The primary use of SPSS in educational settings is for data analysis about people, their attitudes
and behaviors. SPSS is mainly used by Political Science, Communication, Sociology, Social Work
and Psychology departments.
Section Two: Creating a dataset
When you first open SPSS, you will see a window asking you what you would like to do in
SPSS. To start creating your own dataset, select the "Type in data" option.
Figure 2.1
Once you click the 'OK' button, you will be given a blank data table. Now, click on the Variable
View tab located at the bottom left corner of the window. Here is where you will declare your
variables. You will notice that the column headers have changed. The column headers should
look like the headers in figure 2.2.
Figure 2.2
For the purposes of this tutorial, we will create a simple dataset with two variables. The
dataset will contain a list of people's height and gender.
To start entering your variables, type the name of the variable into the "Name" box. The default
values are loaded into all the other boxes. To change the variable type, click the grey dotted
area in the "Type" box. The window shown in figure 2.3 should open. This is where you can
select the variable type. For our example we choose "Height" as a string and " Gender" as a
You can assign values for a particular variable. To assign values, click the grey box in the
"Values" box. The following window should pop up, where you can assign the values. Type in
the value to be assigned in the "Value" box and the label in the "Value Label" box. Then click
the "Add" button. When you have added all the labels, click "OK." Here we have assigned the
value 1 to "Male" and the value 2 to "Female."
Figure 2.4
Once you click
"OK," the main screen should look like figure 2.5. The value types for the "Gender" variable
have been loaded with the values we chose.
Figure 2.5
Now that we have declared our variables, we can start entering the data. To add the data,
click on the Data View tab located at the bottom left corner. The following window will appear,
where you can add the data. The window will look as shown in Figure 2.6
Figure 2.6
Now you can start adding the data under the two columns.
Figure 2.7
To save the given dataset, click on the File menu and choose Save. The following window will
appear. Here you can choose the location of where you want to save the dataset. By default
your file is saved in a ".sav" format.
Figure 2.8
Section Three: Opening an existing dataset
To open a dataset, open SPSS 16 and the following screen will appear. Choose "Open an
existing data source."
Figure 3.1
The textbook datasets can be located by going to the D:\Datasets\SPSS folder. By default, the
only datasets that will be visible will be datasets that have the file extension .sav. However,
many of the older datasets will have the .sys extension. To view these, just change the "Files
of types:" drop-down menu setting to "SYS/PC+" and you will be able to see the .sys files.
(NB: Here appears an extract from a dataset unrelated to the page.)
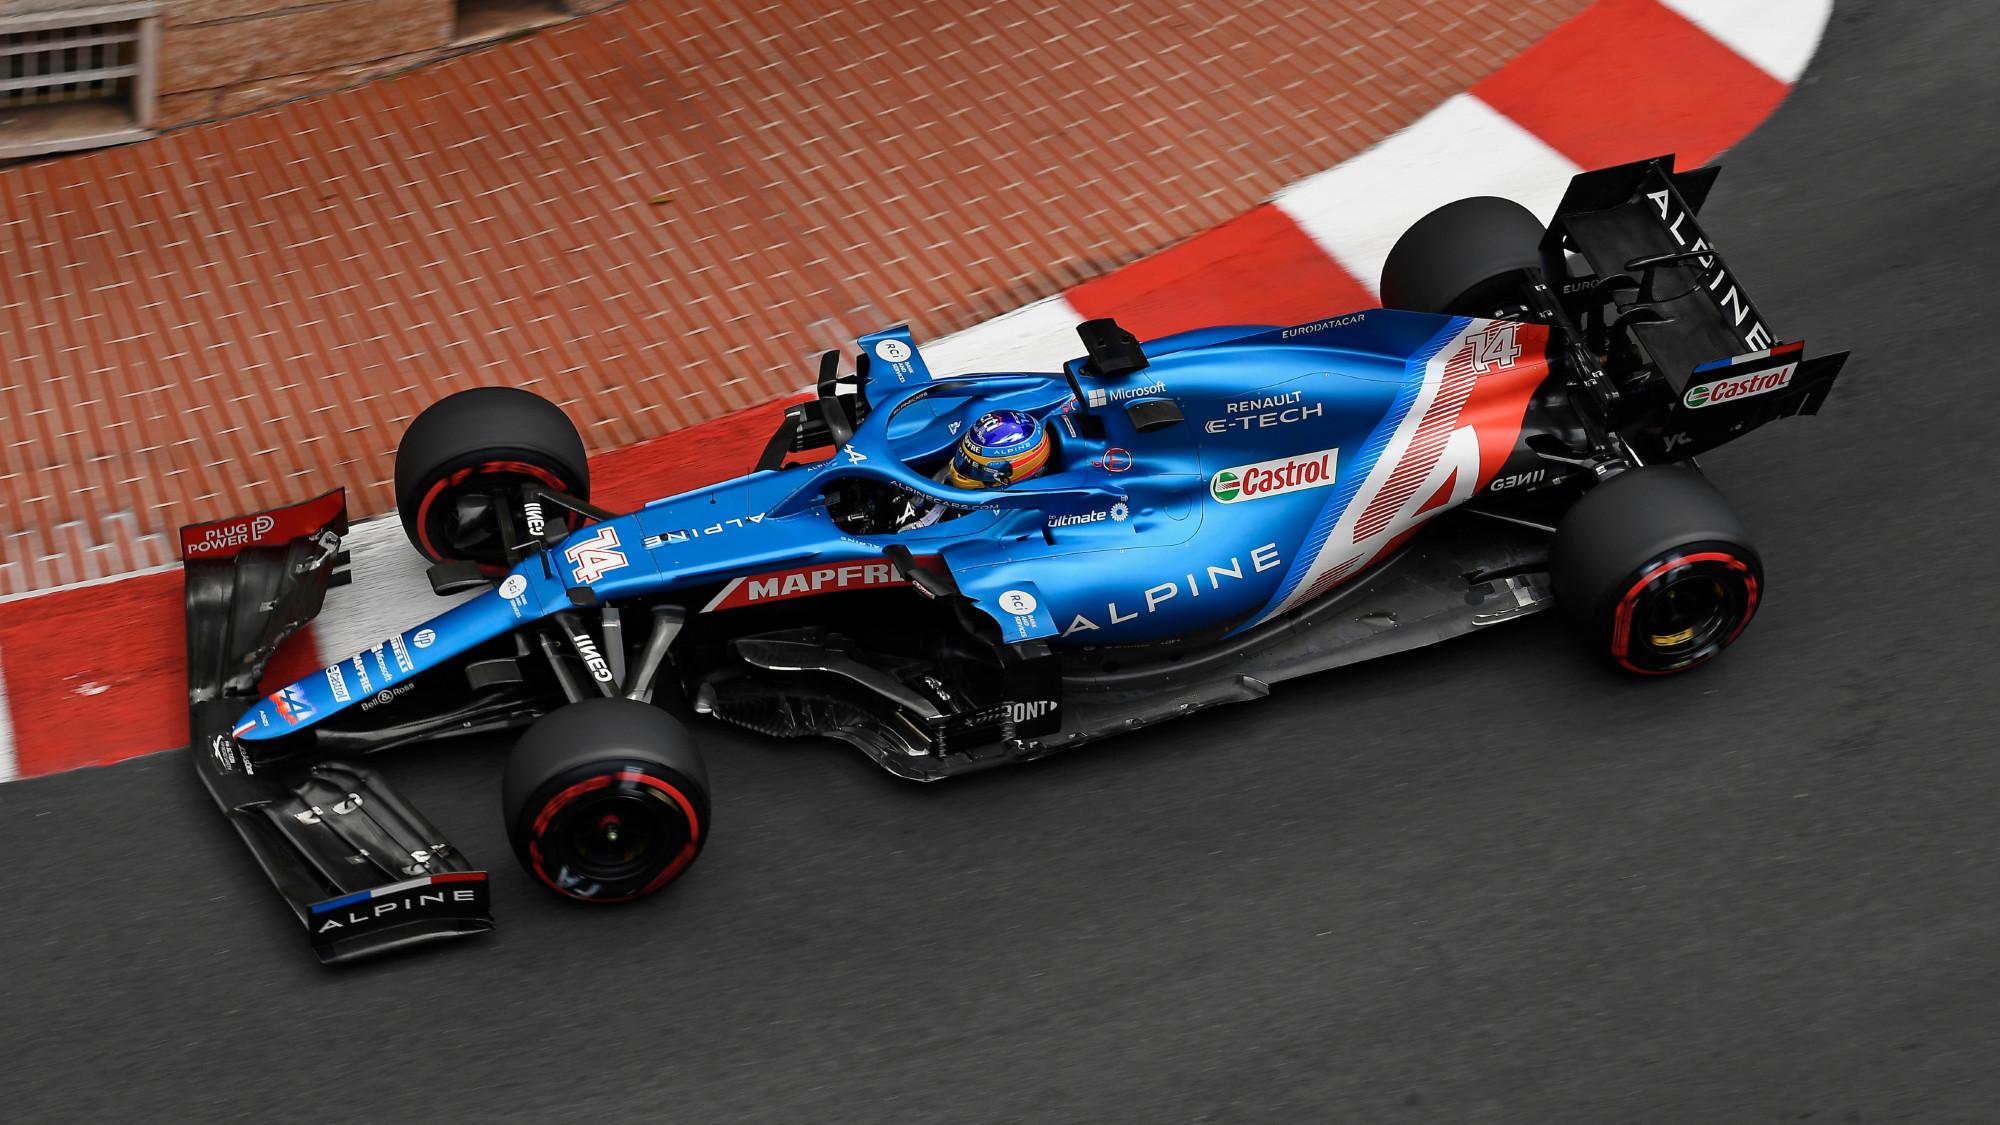 Fernando Alonso, 2021 Monaco GP
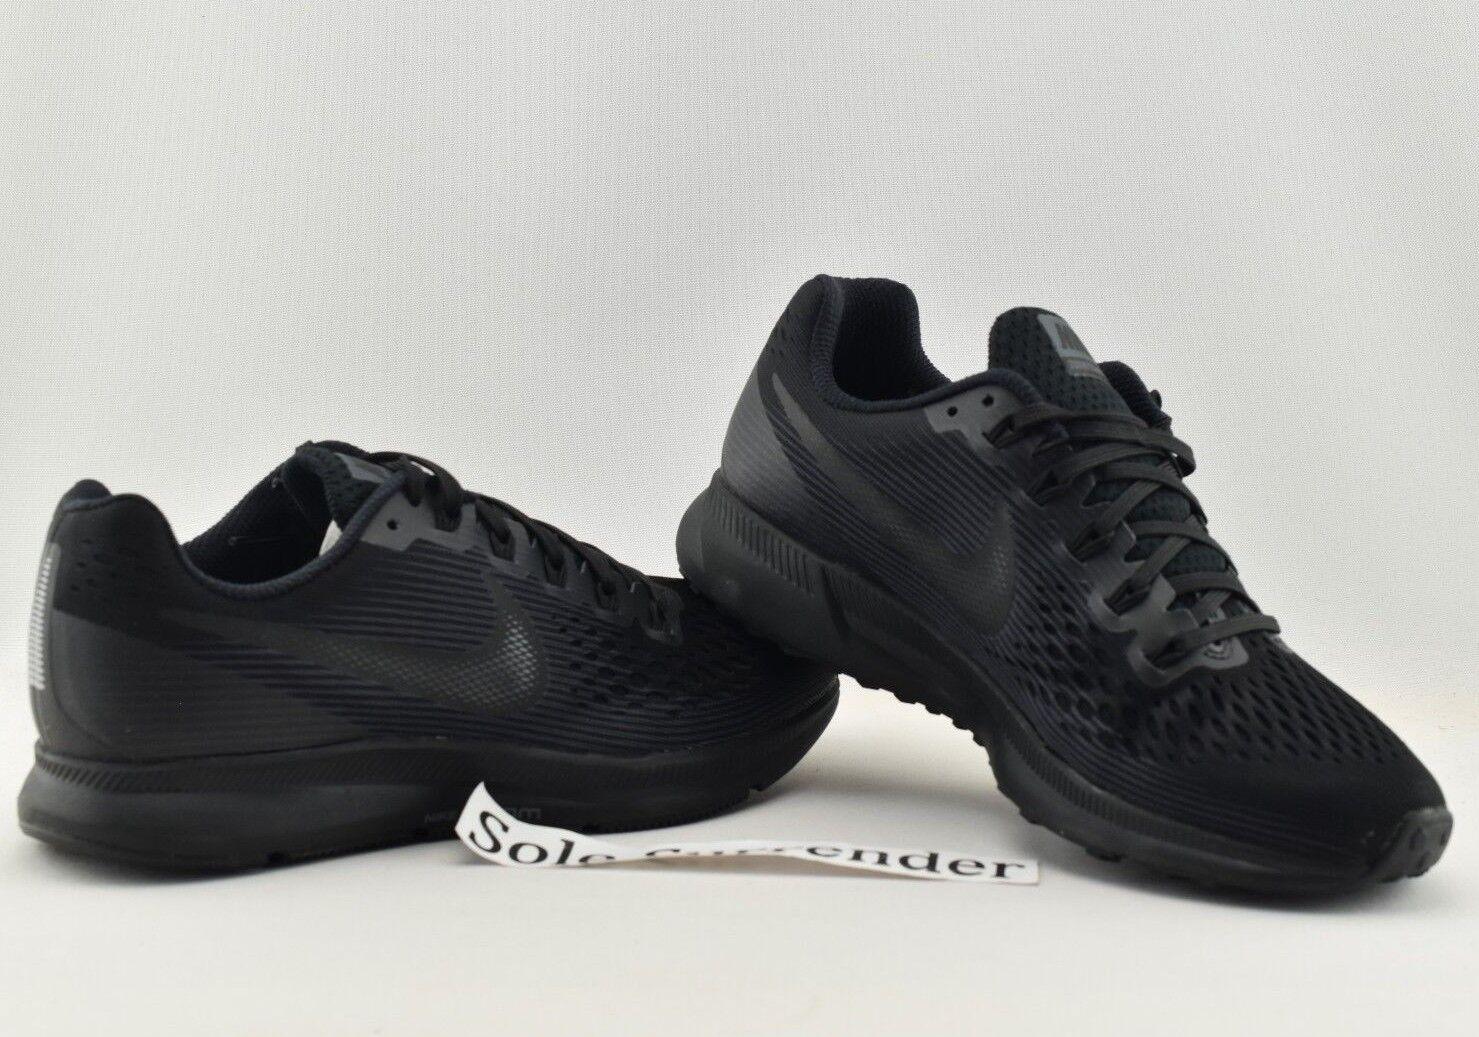 Nike air zoom pegasus 34 - misura nero 6,5 - 880555-003 triple nero misura out in grigio 301115

Section Four: Changing how variables are
When you start to run analyses, you will find that the variables will be listed by their label in
the order they appear on the dataset. Because some datasets can contain over 100
variables, finding a specific variable can be difficult. You can change the way the variables
are listed by using the Options window. This can be reached by choosing Options under
the Edit menu. The Options window is shown in figure 4.1.
Figure 4.1
Here we can change the display to list the data sets in alphabetical order and to display the
"Names" instead of the "Labels." After choosing your options, click "OK."
Figure 4.2
The warning window shown in figure 4.3 will appear . Click "OK" at the warning window,
and the changes will take effect.
Figure 4.3
Now, when you run analyses, the variables will be listed by their name in alphabetical order
making variables much easier to find.